We had a word for equations like that in our Mathematical Methods class. The word was, "Ouch." The method for solving differential equations is basically magic, or at least raw guesswork: "Assume a solution of the form such-and-so," try it, and hope it works. There are a lot of ordinary differential equations that can be solved that way. But of partial differential equations, there are almost none -- we simply don't know what sort of solution to assume.
So we have to use approximating formulas. In this case, two of them: One an approximation to the PDE itself (this may actually improve the accuracy, but who knows?), the other to the solution at a particular point. If you took elementary integral calculus, you may remember some of the simpler of the numerical methods for calculating integrals -- which is another name for solving differential equations: Trapezoidal Rule, Midpoint Rule, Simpson's Rule. Advanced equations tend to get solved with things called Runge-Kutta Methods. (Not that you care; we're just burying you in jargon to prove that we do know what we're saying. Though, in fact, we don't know all that much; the author's DiffEq professor insisted that Runge's name was pronounced "Runj," but the only other qualified person I ever heard refer to the things pronounced his name "Run-gah.")
SpotEye tries to make up for the imperfections of this method by using a lot of sensors, so that it gets four or five or even more fixes on the ball. That spares it the need, for example, to determine the exact spin. It gives us a pretty good fix on the initial velocity vector. It also helps to control for the barometric pressure.
That leaves one variable, though, and it's potentially the biggest problem: Wind.
If the wind is absolutely steady throughout the entire point, and moves in exactly the same manner when the ball is high above the court as when it's near the court surface, then that too would even out. But what are the odds of that? If the wind kicks up after the majority of the sensors have measured the ball, it will blow the ball off-course. SpotEye, keep in mind, does not measure where the ball lands. It measures where the ball would land if nothing caused it to change course. But the wind will cause it to change course.

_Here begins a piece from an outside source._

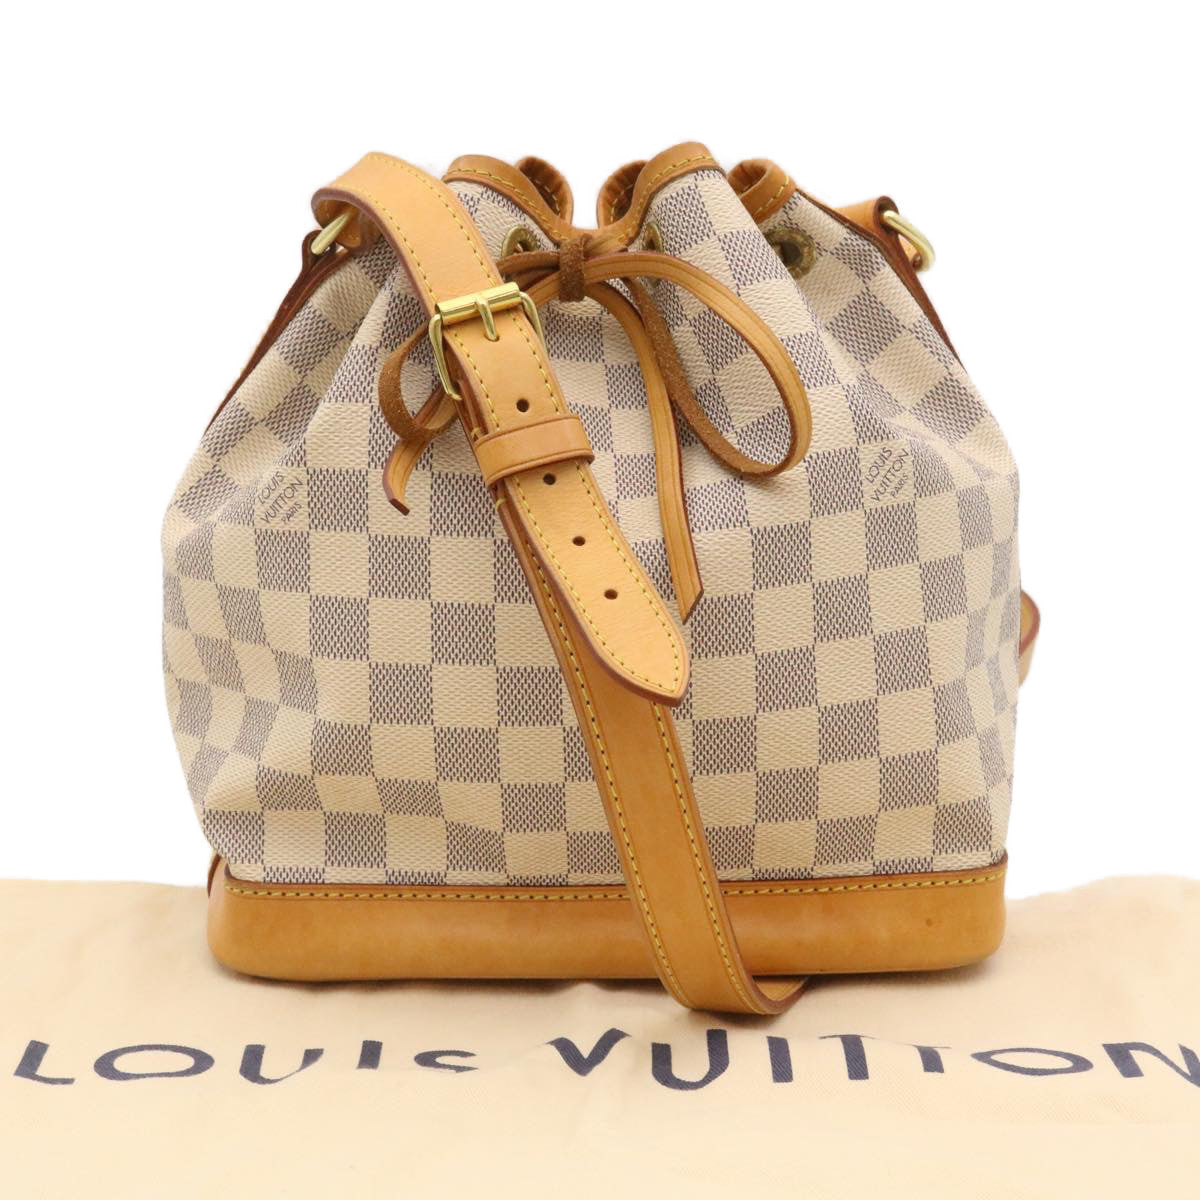 LOUIS VUITTON Damier Azur Noe BB Shoulder Bag N41220 LV Auth 29155A
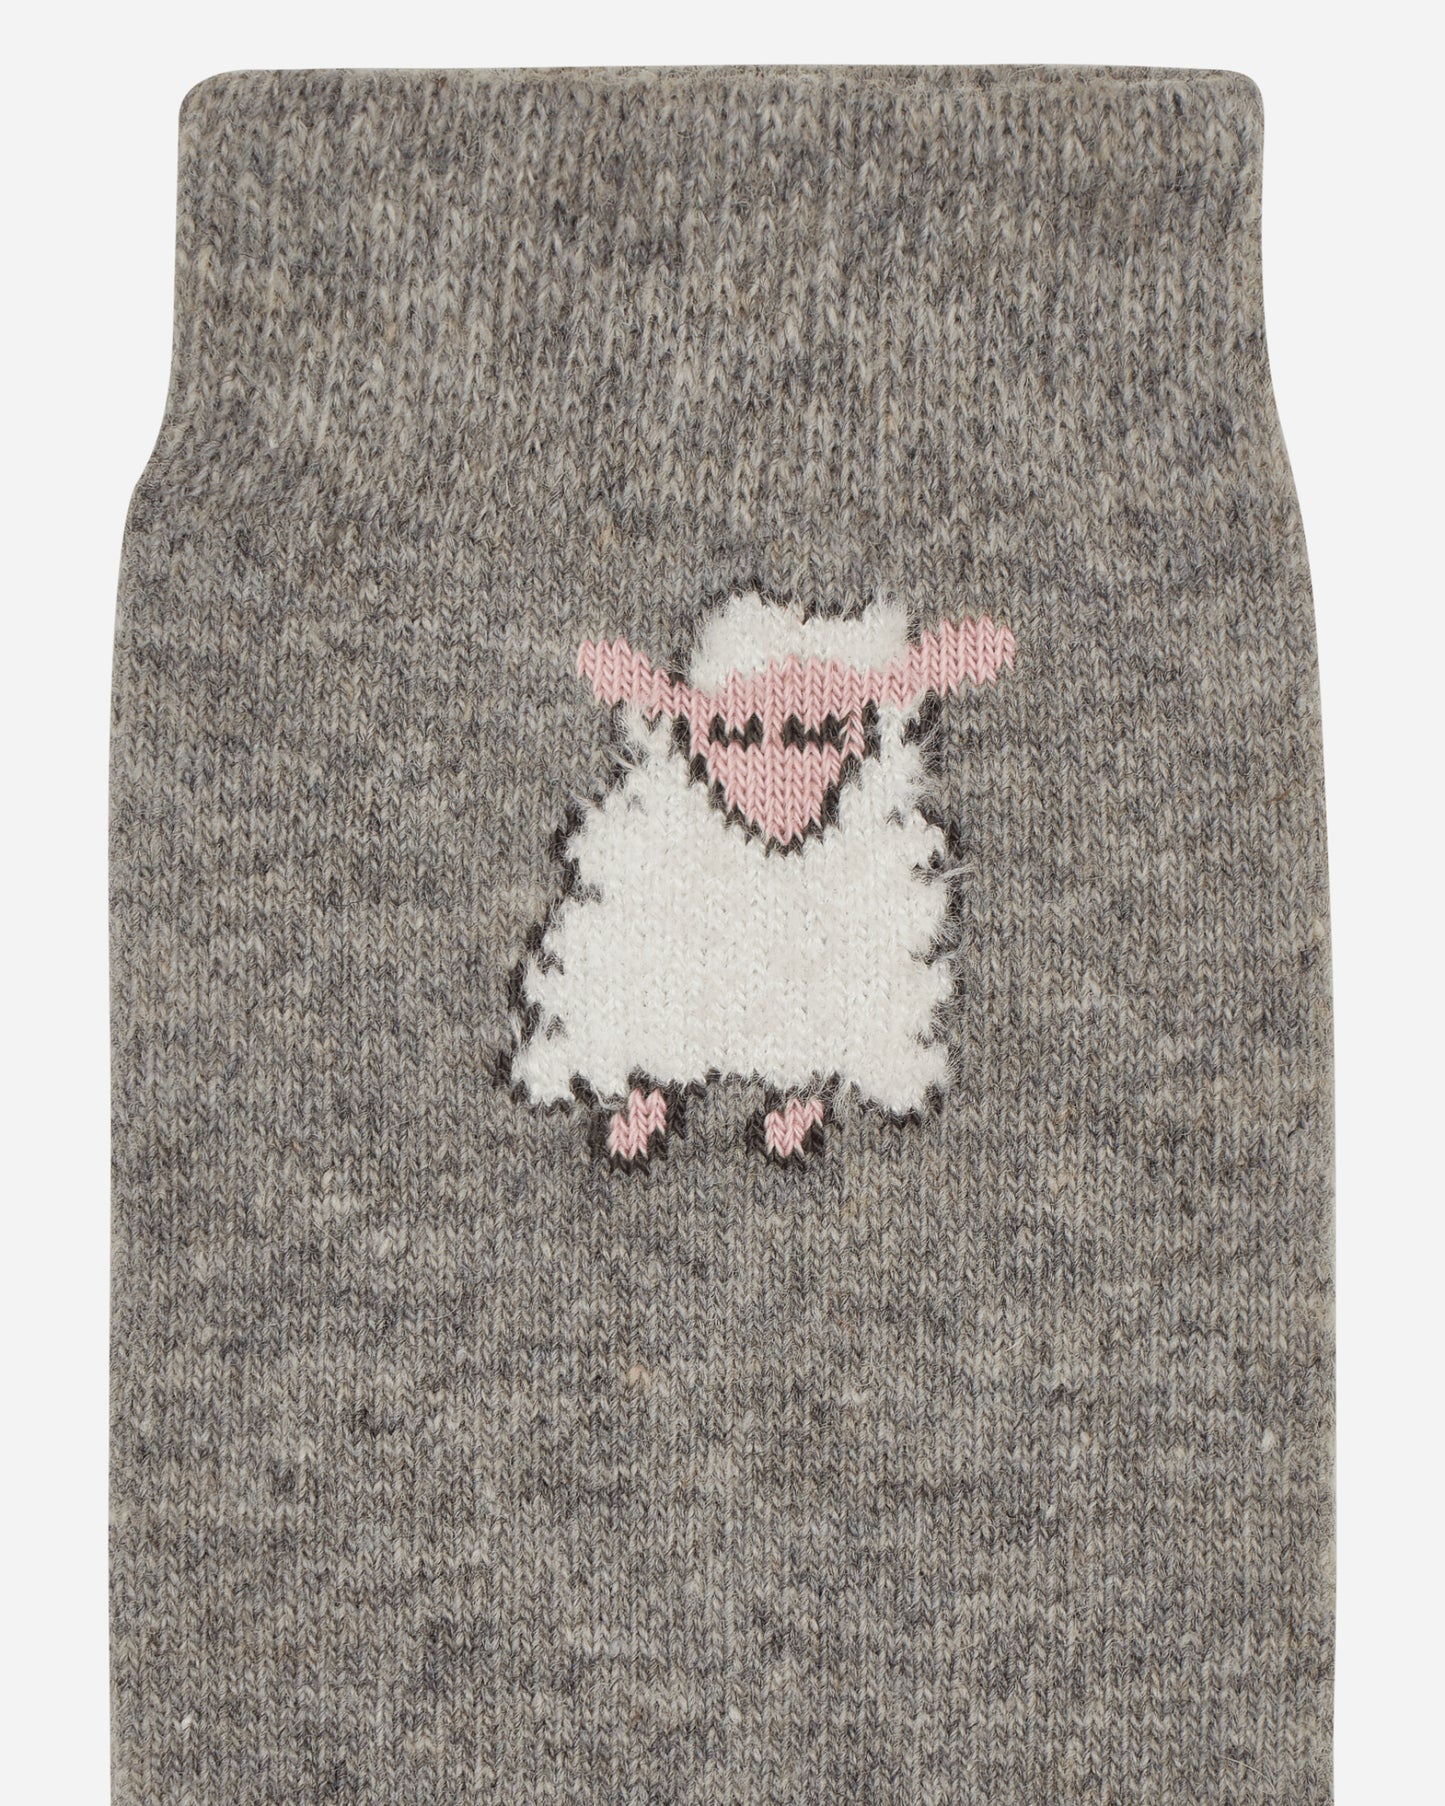 Sky High Farm Sheep Embroidered Socks Knit Grey Underwear Socks SHF04K003  1

A lot? No, of course not. SpotEye systems are consistently accurate to within a fraction of a percent of the length of the court. Of course, so are human beings -- how often does a linesperson miss a call by more than a few inches? Keep in mind that we are talking about very small differences. The call that generated the most controversy of all the calls at the 2003 Australian Open was in the Clijsters/Henin-Hardenne final, when Clijsters was broken for the last time. The linesperson said the ball was in, the umpire said it was out. SpotEye said it caught a millimeter or two of the line.
Now remember that the manufacturers are claiming 5 mm accuracy. That means that that 2003 Australian Open ball was too close to the line for SpotEye to call! Should one, in that case, rely on it to override the human linesperson? Probably all that point proved is that the umpire shouldn't have overridden.
The first time the author ran this article, it was a clear call for hesitating in the adoption of SpotEye. That's no longer so clear. If nothing else, it could help us sort out good linespeople from bad. But there is still a need to check marks on clay, and a need to admit that no system is going to be absolutely perfect. The question now, really, is how much we're willing to spend, and how much inaccuracy can we accept?